Mais cartas italo-suomis
Isä significa "pai" em finlandês e é o novo álbum de BD de Hanneriina Moisseinen - frases estas que banalizam completamente um livro sentido de quem o seu pai desapareceu numa noite. Diz a lei (na Finlândia) que só se considera alguém desaparecido como defunto após 10 anos do seu desaparecimento. Desparecimento significa que não existe corpo, significa que foi uma morte tão violenta que a natureza "comeu" o corpo ou pode significar que a pessoa não quer ser encontrada. É neste mórbido binómio que Moisseinen (e a mãe e a irmã) vivem durante 10 anos até que são "libertas" com a morte tornada oficial pelas competências legais. Usando grafite para um desenho realista e bordados para imagens simbólicas, este é uma BD de catarse, justamente o negativo de um livro como Visitez tous les pays recentemente aqui resenhado.
Editado o ano passado, este livro é pesado e austero que mostra que a Huuda Huuda ou as produções finlandesas não são apenas fogo-de-artíficio colorido e de experiências psicadélicas, como muitos pensam.
Com este Keitto Kirja / The Sauce Book (Huuda Huuda; 2013) de Lauri Mäkimurto fica provado que a importância e a influência de Kalervo Palsa (1947-1987) ainda está para ser calculada na BD finlandesa.
Eis um "comic-book" cheio de misantropia e depressão tão típica do norte da Europa. Procurando fotografias de Palsa e de Mäkimurto fico com a impressão que ambos têm ares psicóticos em que só espero que o destino do último não seja tão dramático como o do primeiro.
Lauri parece um eco de Kalervo que percorreu 30 anos até chegar até nós. Nesta BD não estamos em 2013 mas em 1983, tudo é bastante horrível e atrofiante, não há pontos de referência, só deserto humano e natural, morte e violência, sexo e bebedeiras sem sentido... O grafismo, estilo e tiques de Palsa (a corda para enforcamento, por exemplo) estão tão presentes que um leigo poderia ser enganado - e porque não? Que se saiba o Kiasma ainda não mostrou os tesouros em BD deste artista, quem garante que Lauri exista e não são BDs dos arquivos instituições a escorerrem cá pra fora com nome de outro tipo para não haver problemas com esta instituição de arte contemporânea? Como são poucos os finlandeses, é díficil de acreditar nesta tese, alguém saberia da verdade e iria-se bufar. É pena...

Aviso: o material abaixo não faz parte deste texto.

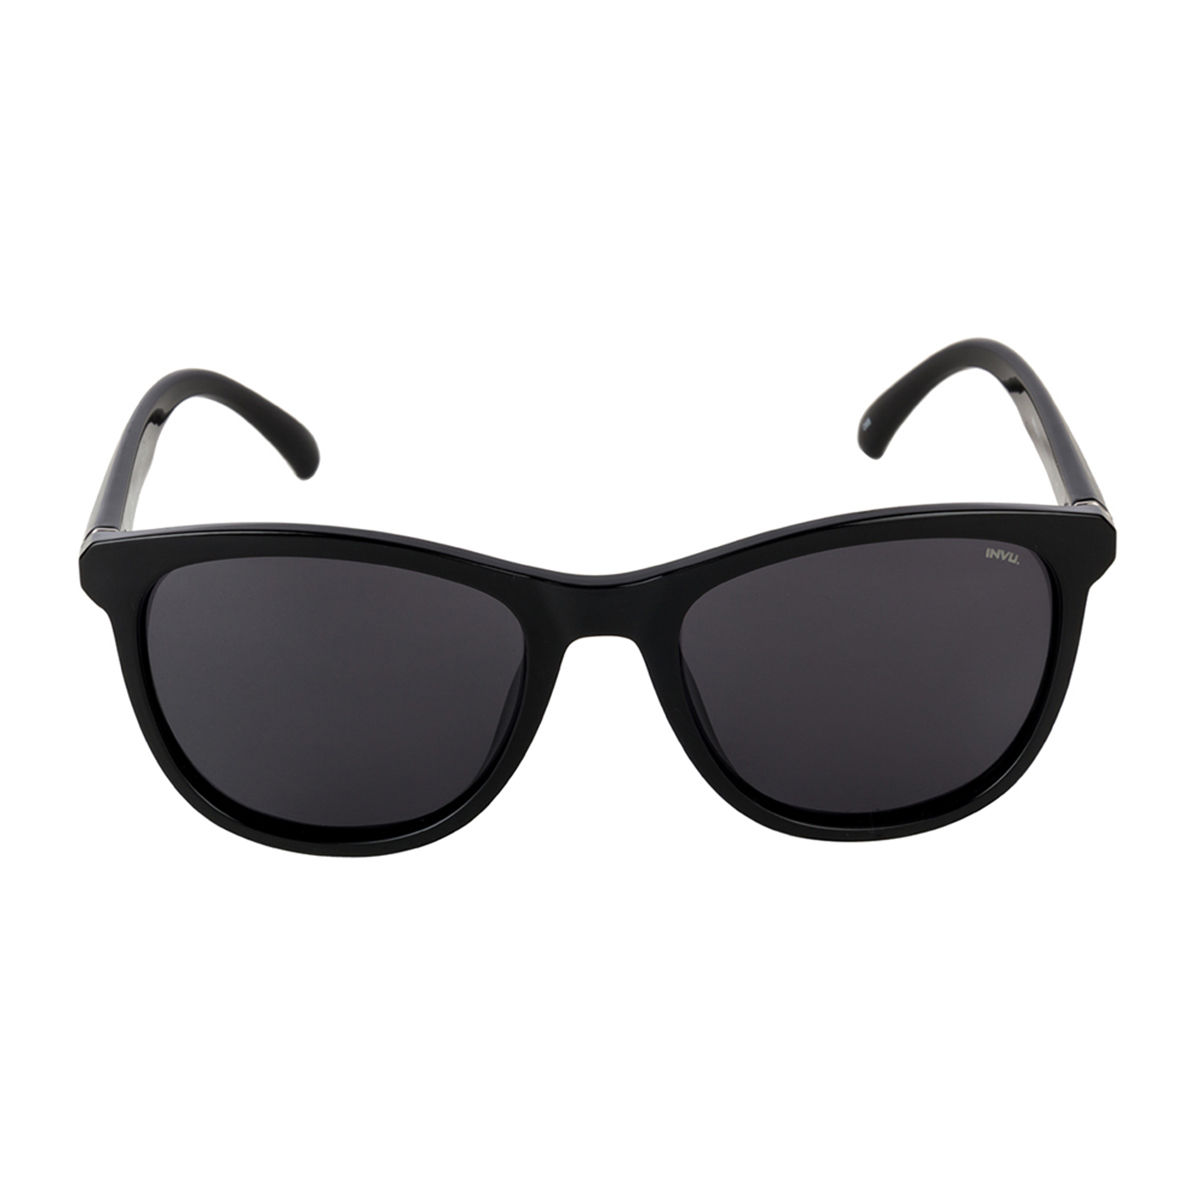 Invu Sunglasses Rectangular Sunglass With Smoke Lens For Men

Seguimos para Itália - mais uma vez prá Canicola, claro, onde esta casa editorial faz alguns dos livros de BD mais bonitos da actualidade. Seja pelo design simples mas muito quente (dando juz ao nome da editora) seja pelo conteúdo. Dormire nel fango (2012) de Edo Chieregato (a) e Michelangelo Setola (d) reúne várias BDs publicadas anteriormente na revista Canicola... O aspecto anacrónico do desenho e das próprias narrativas tanto nos colocam num mundo que envoca uma nostalgia dos anos 70 ou 80 (a infância mágica e a juventude heróica submersa em referências Pop) como num mundo pós-apocalíptico, causando sempre uma sensação que estamos tão perdidos como as personagens destas BDs. Graficamente, estamos perante um desenho a grafite a lembrar a finlandesa Amanda Vähämäki - e isto nem sequer é uma especulação de quem quer sempre unir nomes de autores a outros porque ambos tem realmente semelhanças de estilo que até partilharam publicamante, lado a lado no livro-catálogo Souvlaki Circus (Buenaventura Press; 2008). Há livros urgentes de serem descobertos, este é daqueles...
Por fim, mais um A3 da Canicola: Lontano (2013) de Gabriella Giandalli, autora com um trabalho reconhecido há umas boas duas décadas e que assina este magnífico e derradeiro manifesto da depressão. Lembra-me o álbum, não sei bem porquê, o disco Rembrandt Pussyhorse dos Butthole Surfers sem a histeria dos texanos, muito pelo contrário, tal é reconhecida a elegância desta artista.
Ainda assim há aqui uma melancolia de proporções cósmicas a beijar a Teoria do Caos que lembra-me esse disco. Cada pedacinho das coisas mais desinteressantes ou aparentemente importantes são coladas no transe desta má viagem chamada vida.
Algures no quarto do teenager deprimido vê-se um cartaz dos Pink Floyd - relativo ao Dark Side of The Moon - e por isso que associo esta BD a um psicadelismo existencial que o rigor gráfico, de tons cinzentos, não se deixa levar com os esquemas freaks habituais neste tipo de texto. Um colosso!